PROVIDED MATERIAL:
■ ■ ■

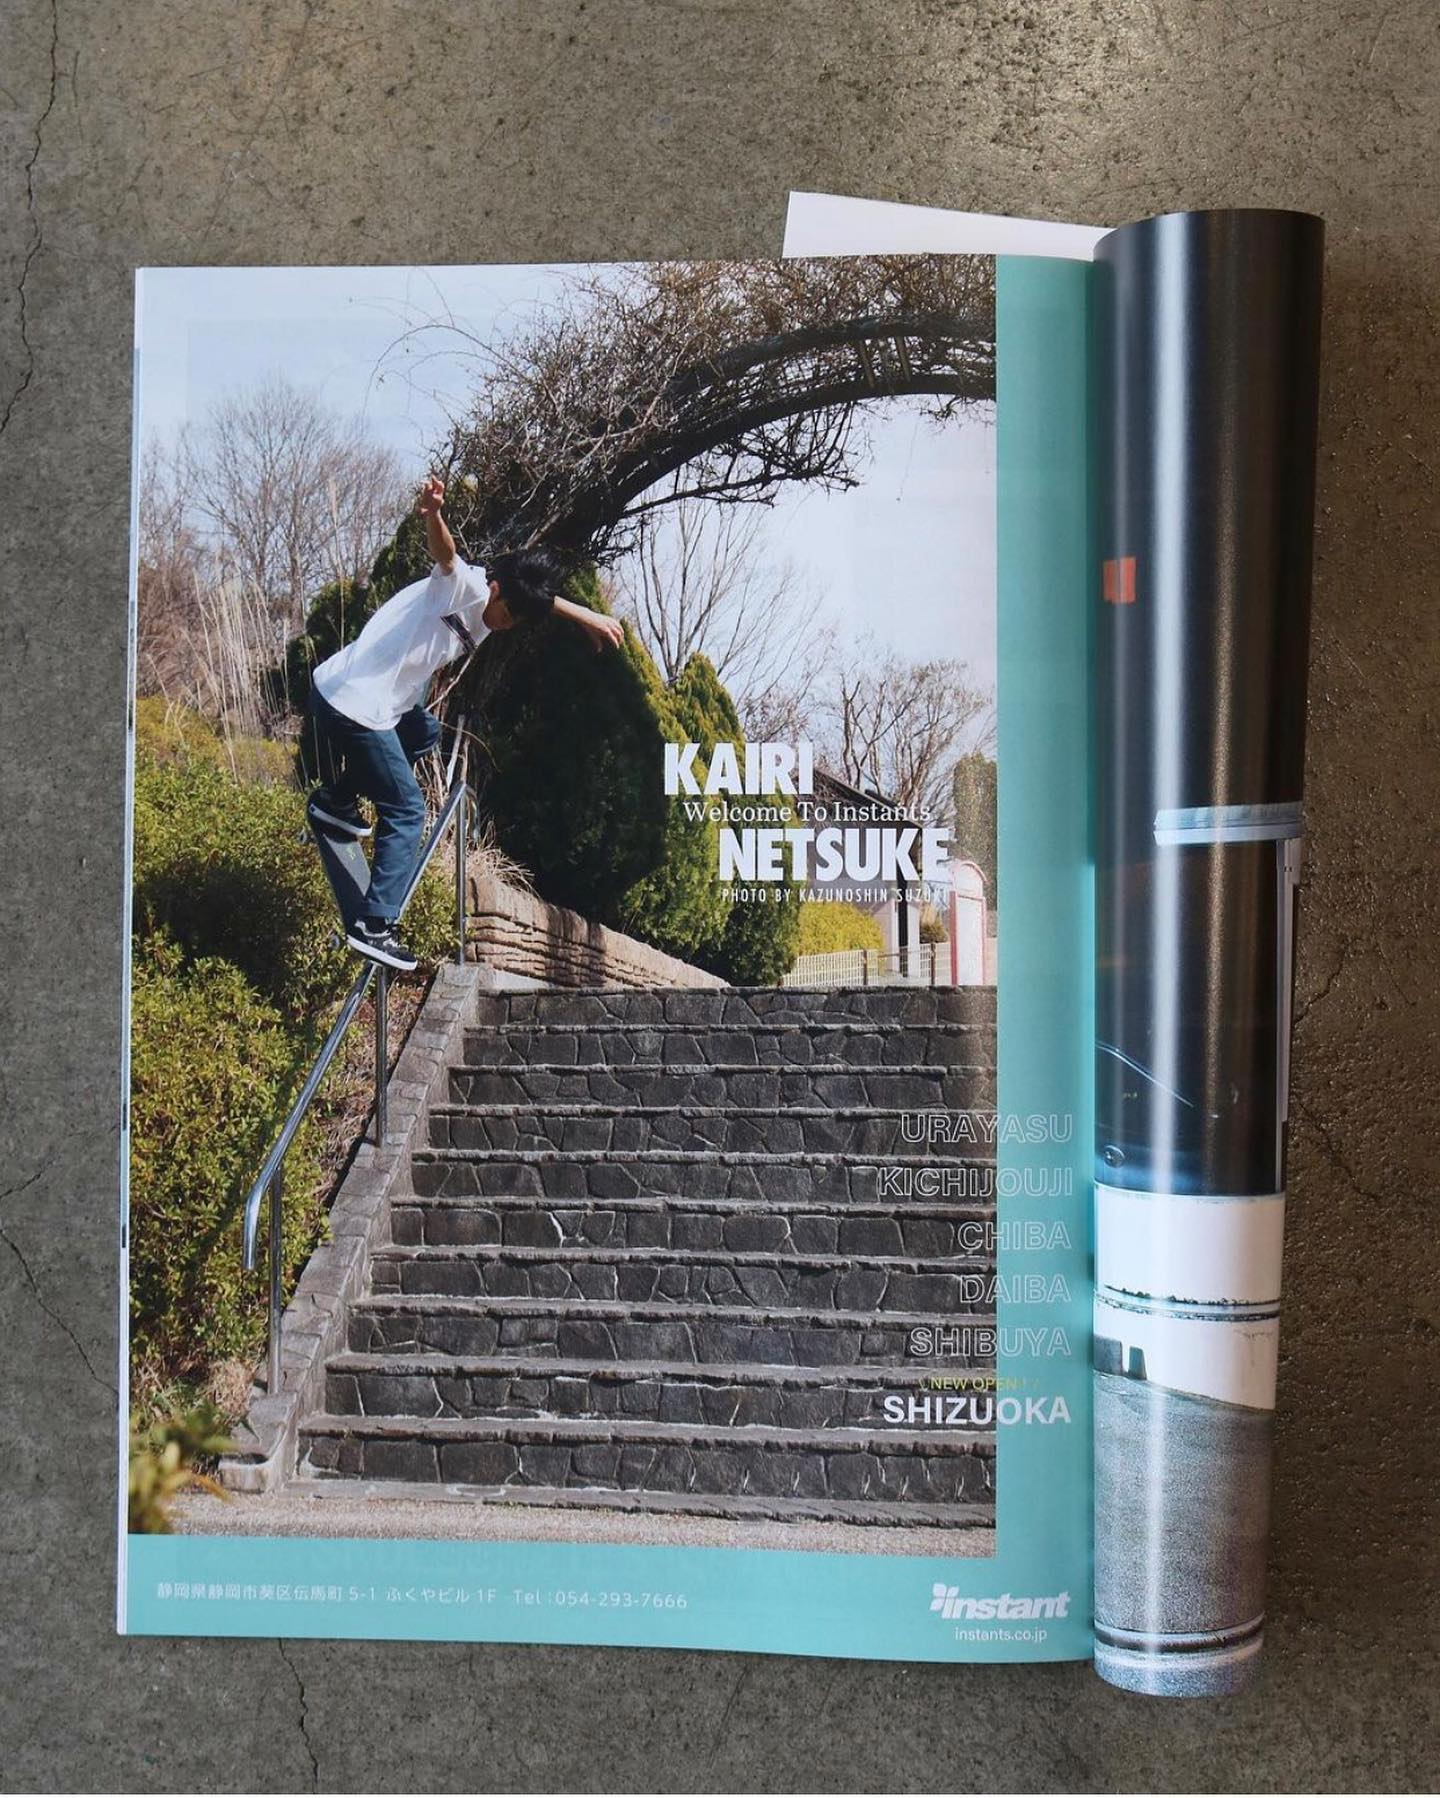 BOARDKILL New ISSUE #37 #boardkill#giveaway instantskteshop#instant_shizuoka
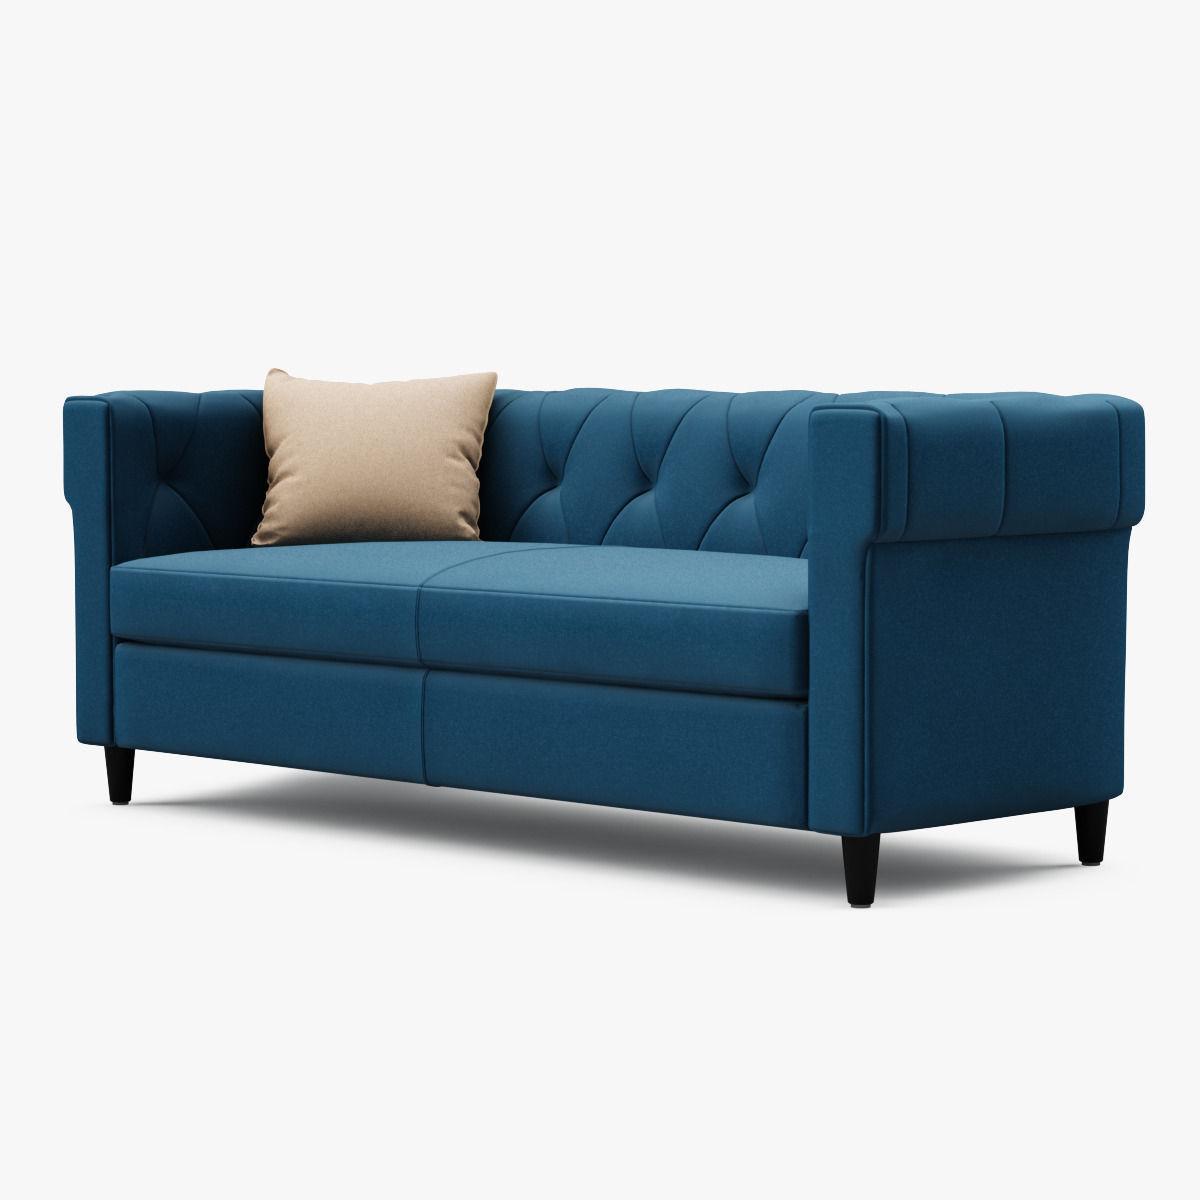 Superieur ... Chester Tufted Upholstered Sofa 3d Model Max Obj Mtl Fbx 2 ...
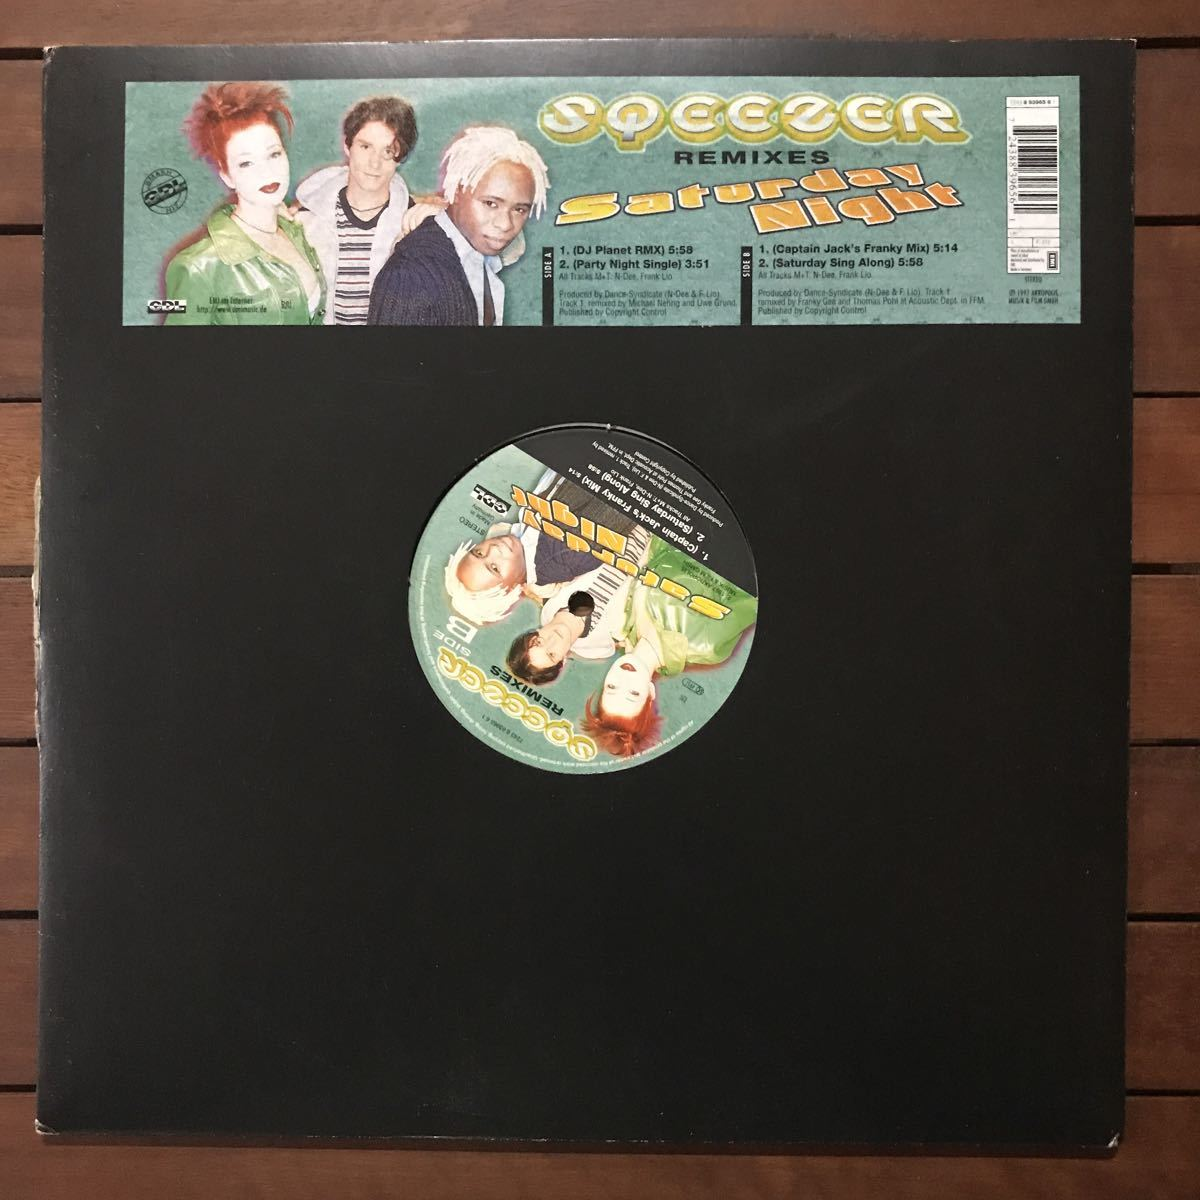 ●【r&b】Sqeezer / Saturday Night (Remixes)[12inch]オリジナル盤《3-2-90 9595》
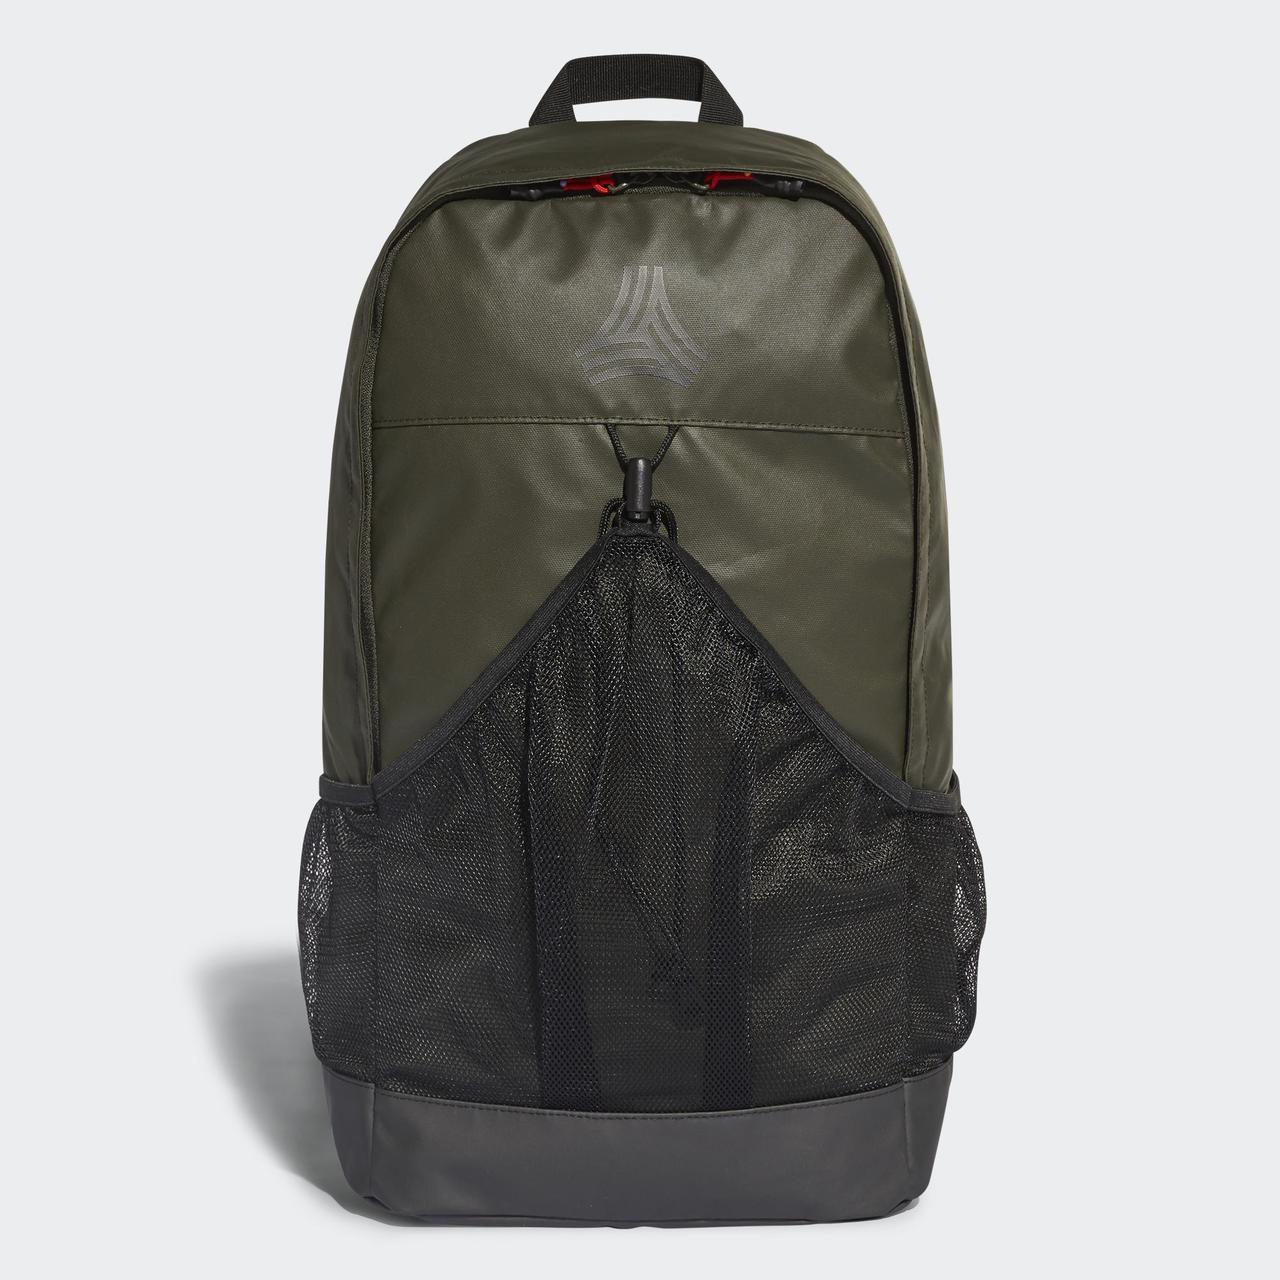 Рюкзак Adidas Football Street Backpack CY5629 (Оригинал) - Football Mall -  футбольный интернет- c4516f401b2

■ ■ ■

WORK TO BE COMPLETED:
Leaving every image behind, repeat the data in full and exactly.

EXERCISE OUTPUT:
 BOARDKILL New ISSUE #37 #boardkill#giveaway instantskteshop#instant_shizuoka
 Superieur ... Chester Tufted Upholstered Sofa 3d Model Max Obj Mtl Fbx 2 ...
 ●【r&b】Sqeezer / Saturday Night (Remixes)[12inch]オリジナル盤《3-2-90 9595》
 Рюкзак Adidas Football Street Backpack CY5629 (Оригинал) - Football Mall -  футбольный интернет- c4516f401b2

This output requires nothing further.